Depending on the day of the week, it varied what art I was practicing. Some of the lessons and trainings were long ones, at times one time practices. A student and very good friend attended Ithica University. While there she took advantage of a good Goju program they had, and worked he way through Goju studies. One day I visited her program, that time the instructor spent the time with me, sharing his Seiunchin, and Saifa with me. Later, on another visit, he spent all his time sharing 4 other kata with me. It helped me understand Goju better for a long time, and would amaze Goju friends that I could do their kata.
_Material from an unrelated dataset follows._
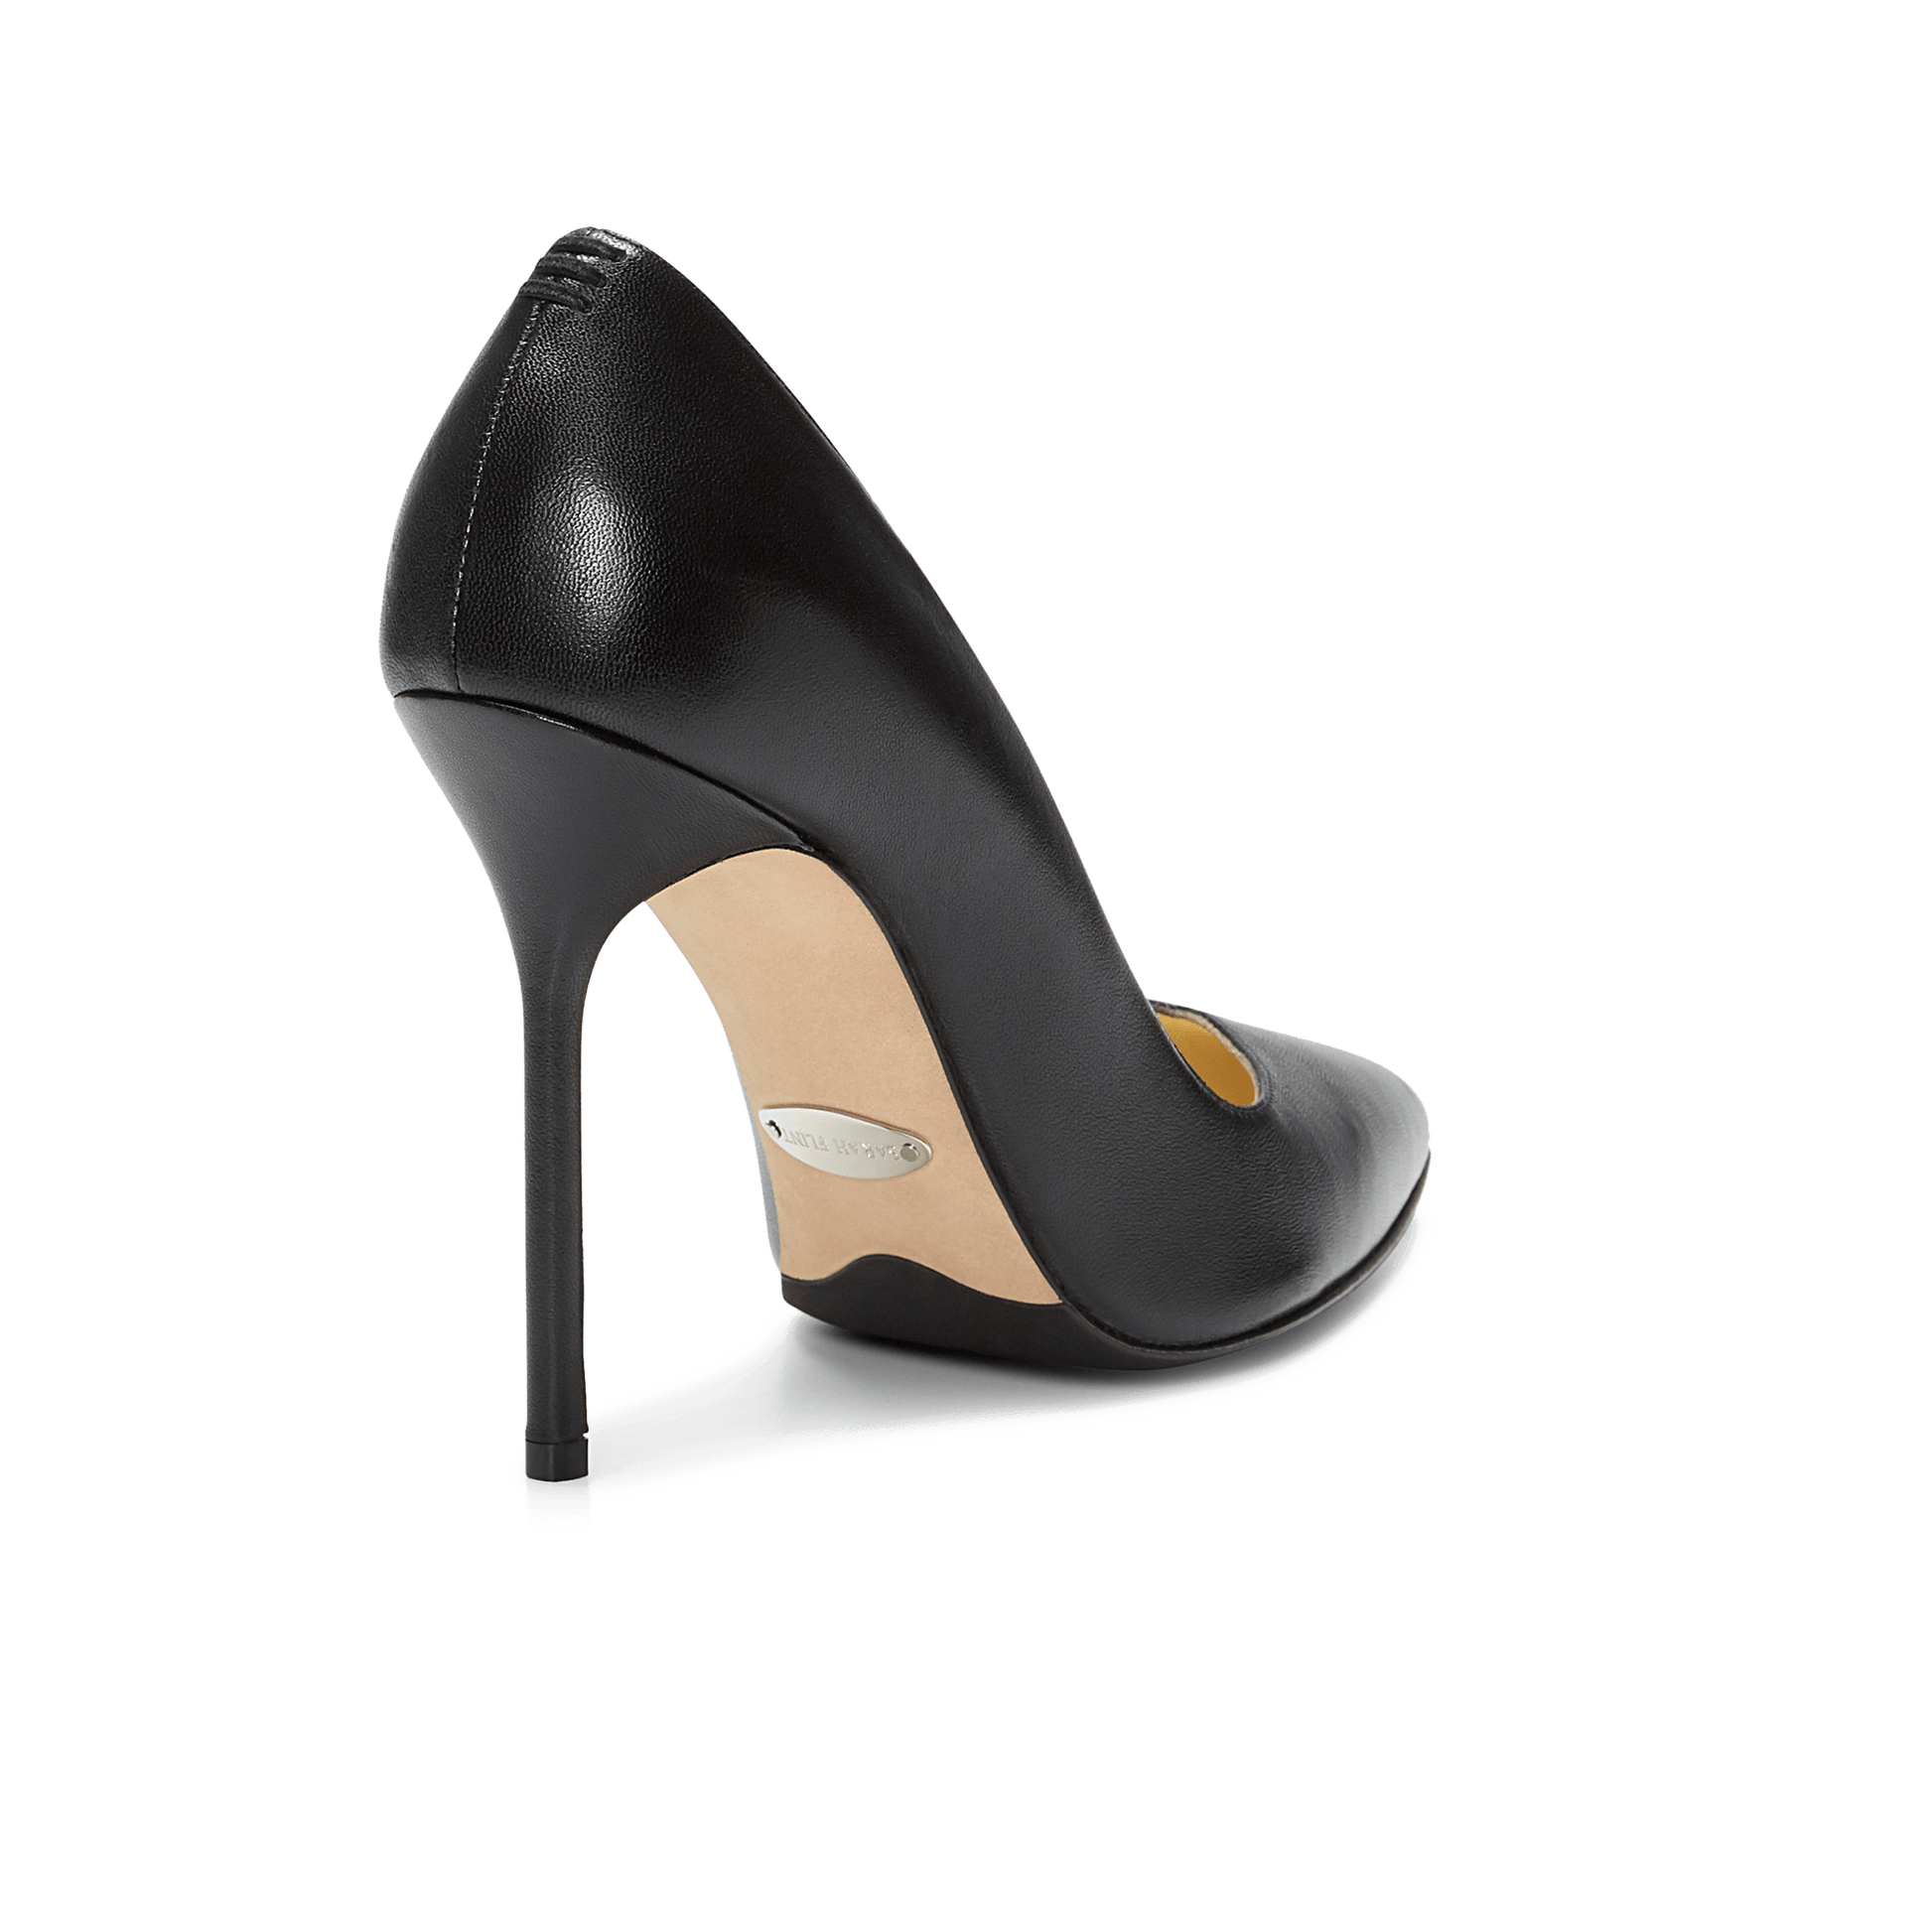 Sarah Flint Perfect Pump 100 Heels in Black Calf | Luxury Heels for Women | Handcrafted Designer Shoes Made in Italy

Not that I was a Goju expert, just knew more than a novice too.
 
Then there were the tournaments. Mainly I competed with Isshinryu forms, often Chinto kata, and Bo Shi Shi no Kon no Dai. But I did use the Bando staff form and that worked well for me. Both Ernie and Tris gave me advice on the form. Then I competed in Chinese divisions with The Northern Shaolin form amd shotokan divisions with Nijushiho.I stopped fighting when I realized I had no one to train with and all the guy I was fighting were 10 years younger than I was. That was a very had adjustment, but I came to the realization I was just spending money to let younger guy’s beat on me. I competed and I judged, always pushing myself forward.
 
 
 
 
 

 

 

I had an idea for youth only tournaments. Ones where the kids would not be lost among the adults. We ran 3 and they were very successful. Only charging $5.00 to compete and any profit going to the Boys Club.

 

Then one summer in 1983 I attended the Bando Summer Camp. Mr. Lewis got me the invitation as he was friends with the camp organizers. Most notably while there I learned a version of the Bamdo Short Stick form, probably one of the most valuable things I ever learned.

 

This captures the broad outlines of what I experienced, but there is far more detail during those times that I can relate here.

 

Then time progressed as it does, and I had to move for a new job. The time passed into my memory.

 

As I look back on that time, I am amazed that I did that. But I did.

I learned a great deal, for one thing I learned how little I knew.


Having those experiences if anything, made me more determined to learn more about my Isshinryu and make the training I would offer, even better for my students. I had to end my program in Scranton, but I intended to continue it in Derry.

2 comments:

Charles James said...

Nice article ...

Charles James said...

As an aside from the article, thought you might find the following of interest:

Isshin Shuchu [一心集中]

The characters/ideograms mean, “One Heart/Mind/Spirit Concentration.” The first character means, ‘one,” the second character means, “heart; mind; spirit,” the third character means, “gather; meet; congregate; swarm; flock,” the fourth character means, “in; inside; middle; mean; center.”